- _Data_
________________
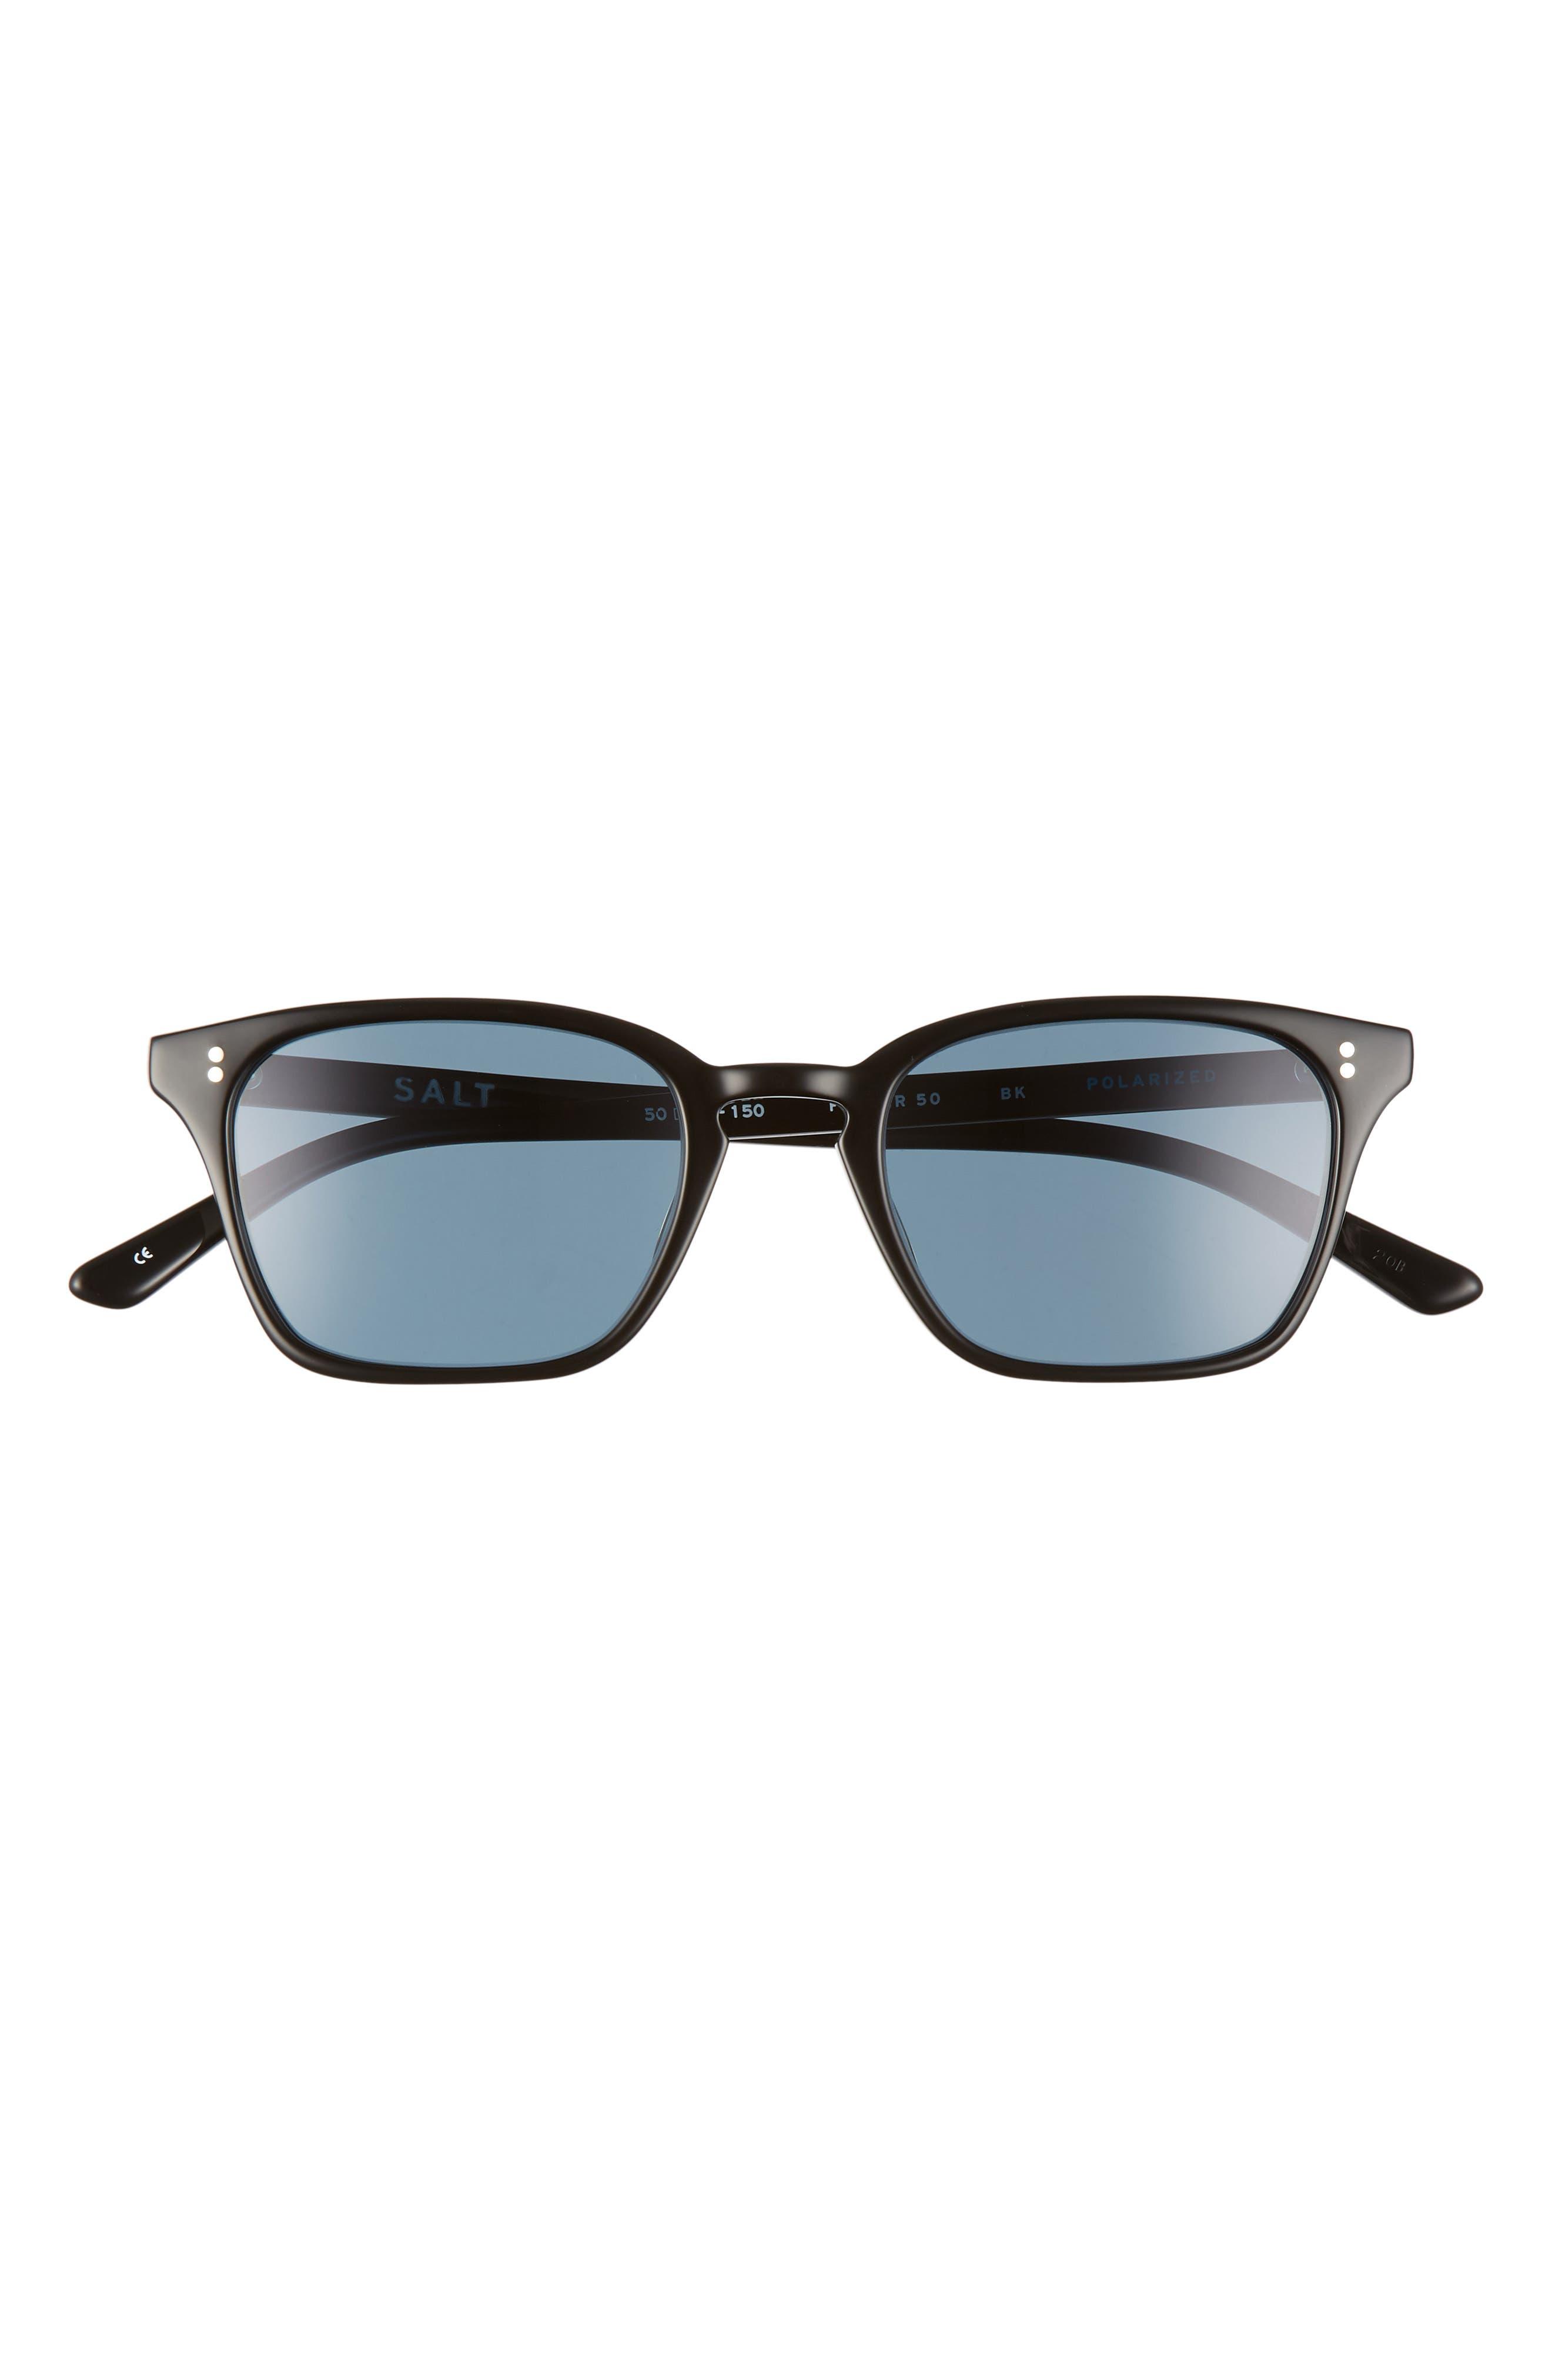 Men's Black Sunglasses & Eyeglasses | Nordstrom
________________
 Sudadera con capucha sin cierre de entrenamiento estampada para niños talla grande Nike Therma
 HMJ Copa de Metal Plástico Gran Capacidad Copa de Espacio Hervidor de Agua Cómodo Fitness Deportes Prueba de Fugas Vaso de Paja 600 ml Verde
________________
- _What to produce_
From the material above, set down exactly the lines starting at the one with "Sudadera con capucha" and ending at the one with "HMJ Copa de", end lines included.

- _Task answer_
 Sudadera con capucha sin cierre de entrenamiento estampada para niños talla grande Nike Therma
 HMJ Copa de Metal Plástico Gran Capacidad Copa de Espacio Hervidor de Agua Cómodo Fitness Deportes Prueba de Fugas Vaso de Paja 600 ml Verde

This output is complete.